* **WHAT YOU ARE ASKED TO DO**
Although the data holds pictures, return only the lines from the one containing "페이퍼토이 '쏘돌이' 인기" to the end, exactly, and without them.

Top of MATERIAL PROVIDED

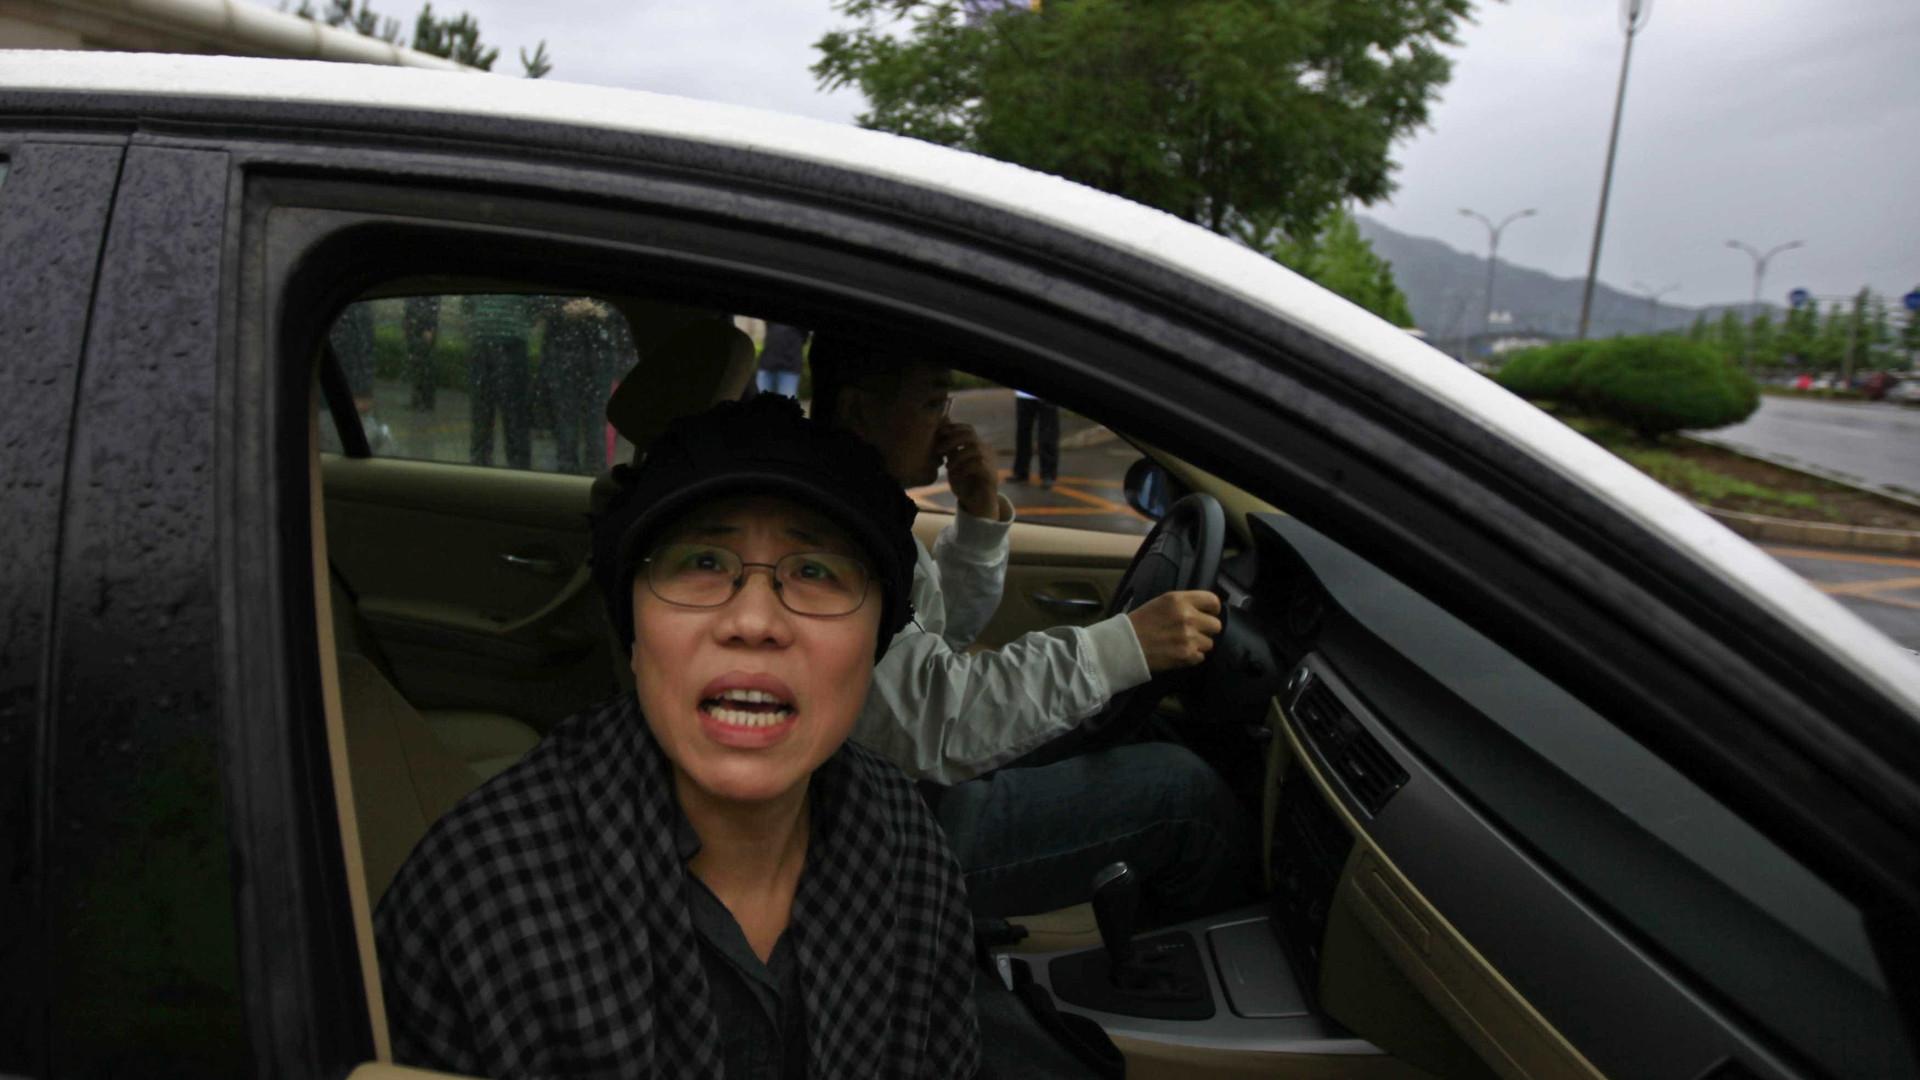 Intelectuais apelam à libertação da viúva do dissidente chinês Liu Xiaobo
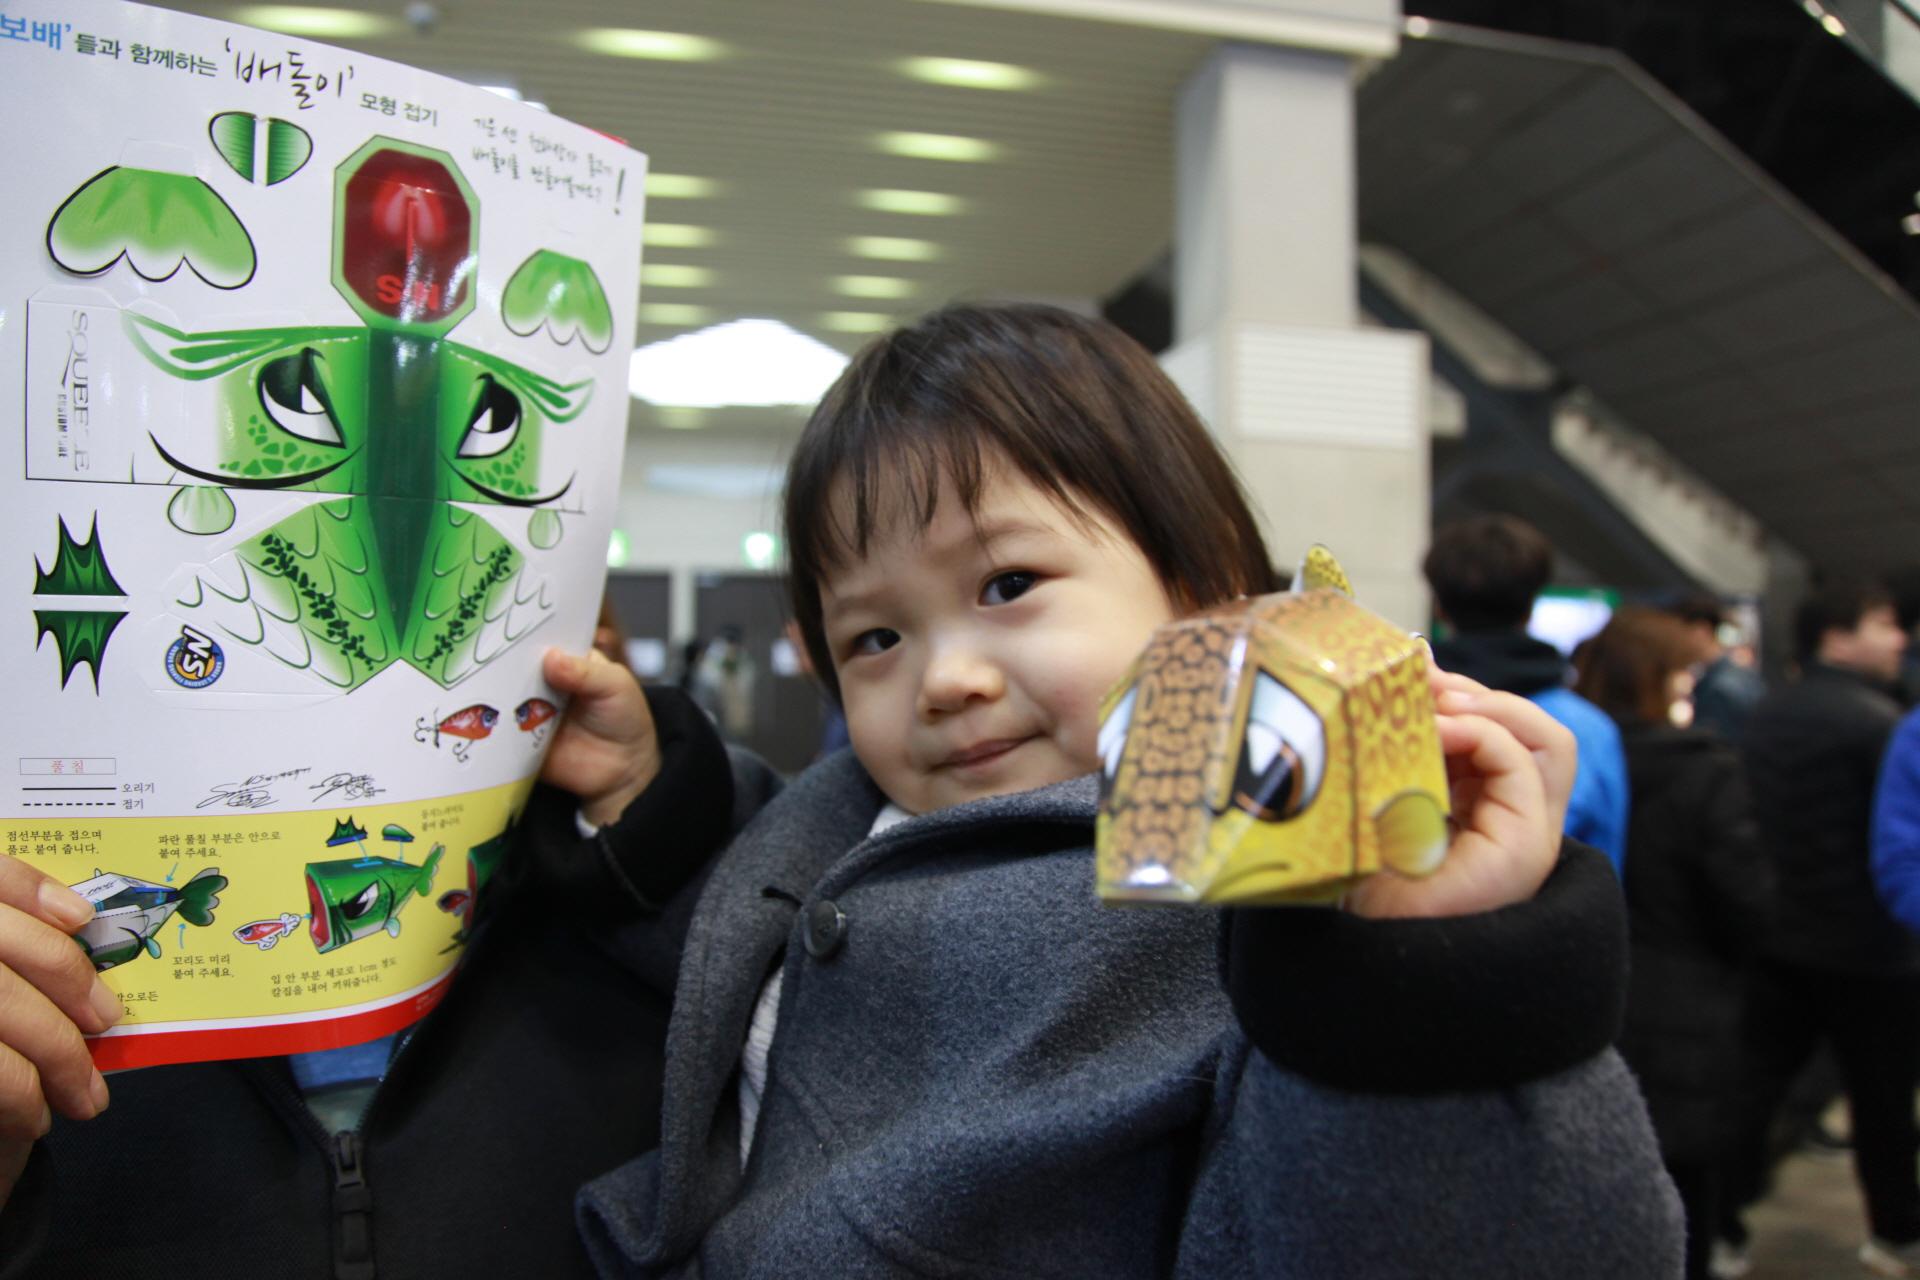 '아이들에게 꿈과 희망을'...2017한국국제낚시박람회서 쏘가리 페이퍼토이 '쏘돌이' 인기
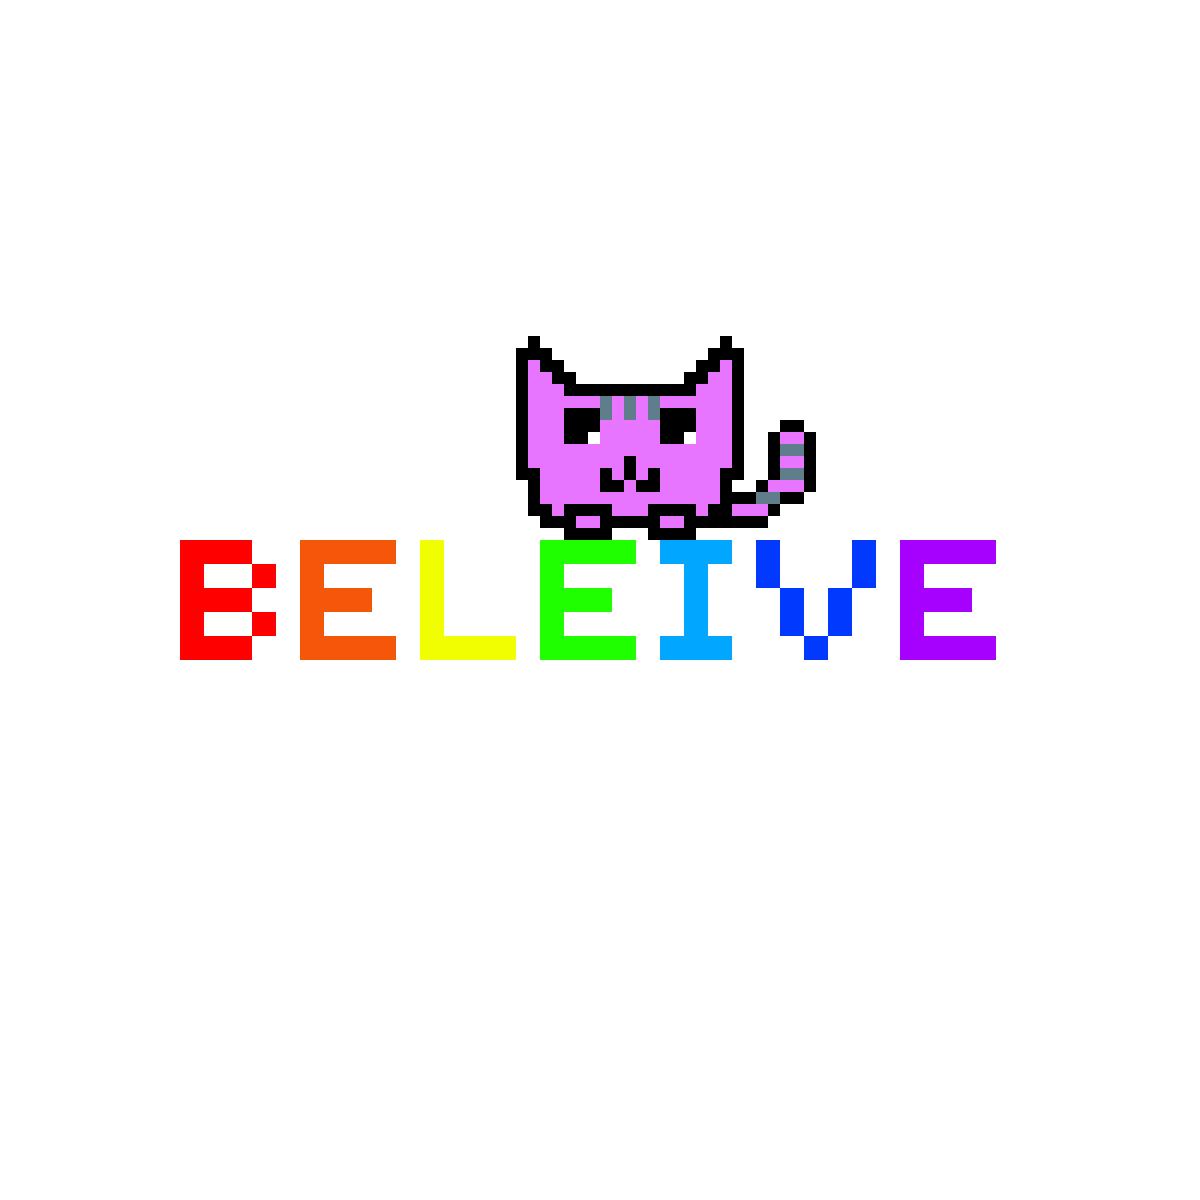 Believe  by LovekittensH
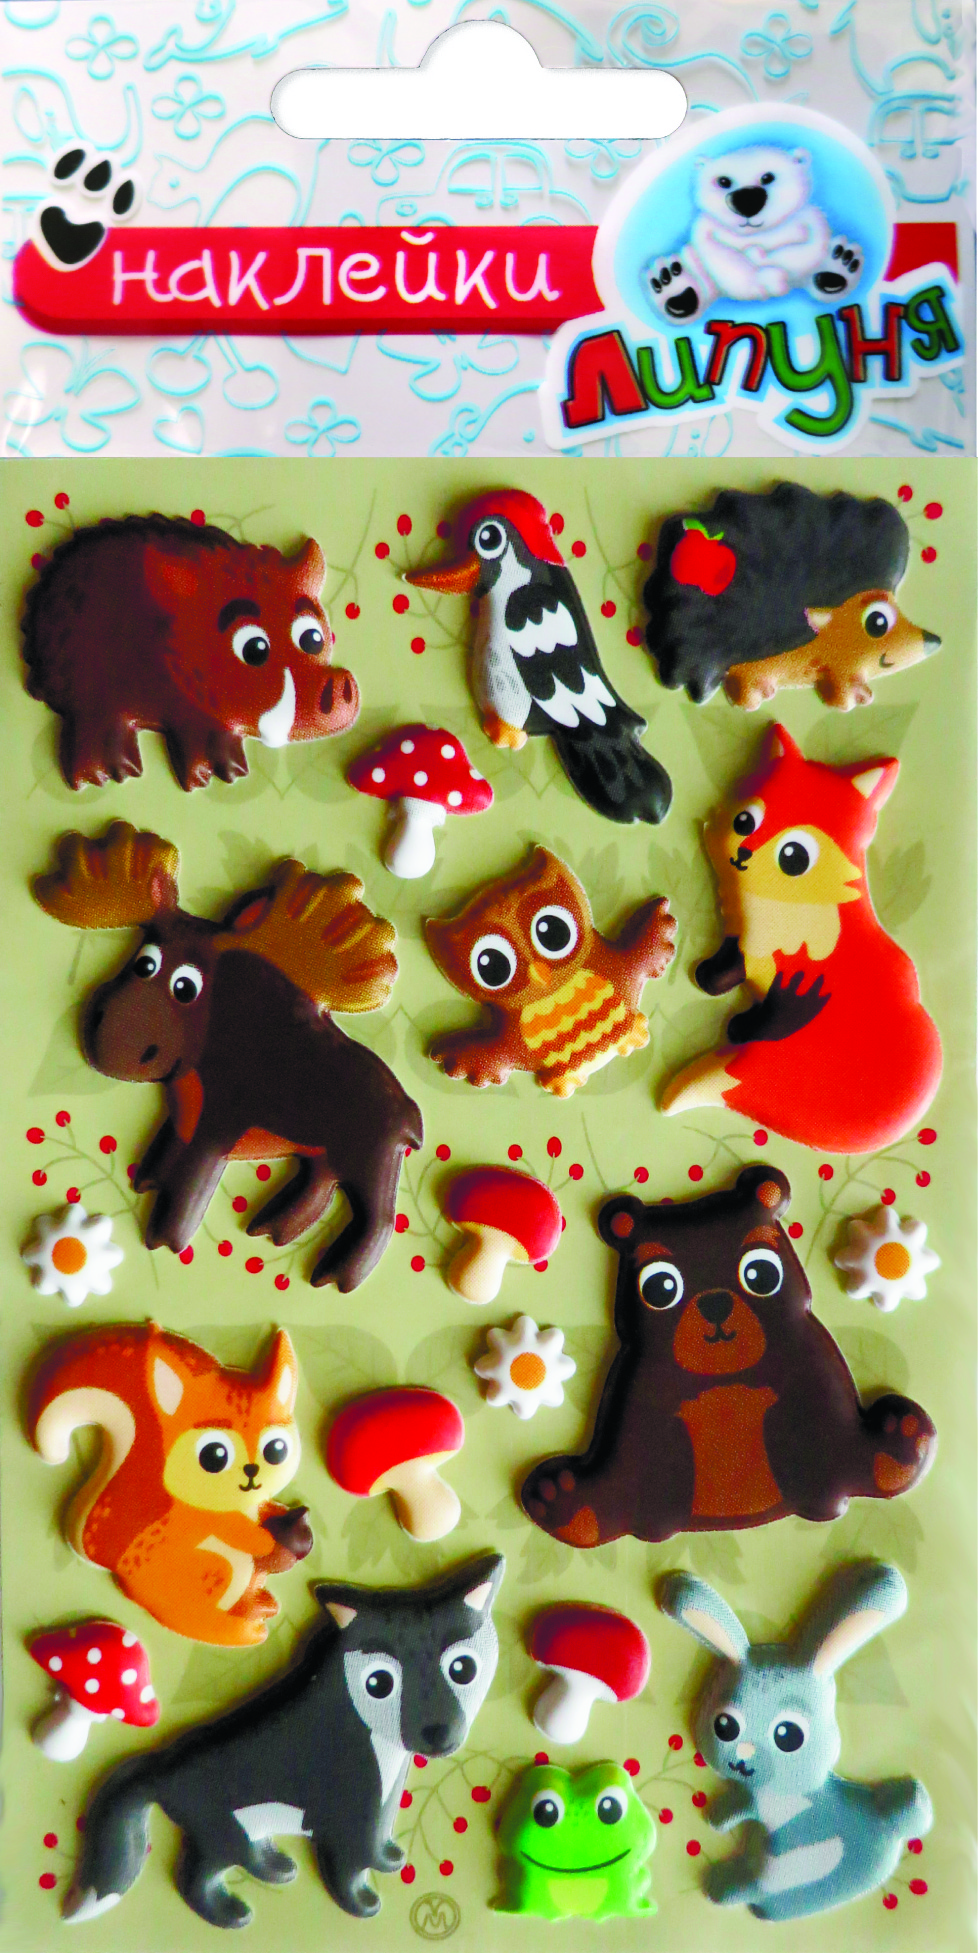 Наклейки Липуня Наклейки Липуня «Звери 2» зефирные наклейки липуня наклейки липуня мишки с сердечками с блестками

Bottom of MATERIAL PROVIDED

* **ANSWER TO THIS PROBLEM**
 '아이들에게 꿈과 희망을'...2017한국국제낚시박람회서 쏘가리 페이퍼토이 '쏘돌이' 인기
 Believe  by LovekittensH
 Наклейки Липуня Наклейки Липуня «Звери 2» зефирные наклейки липуня наклейки липуня мишки с сердечками с блестками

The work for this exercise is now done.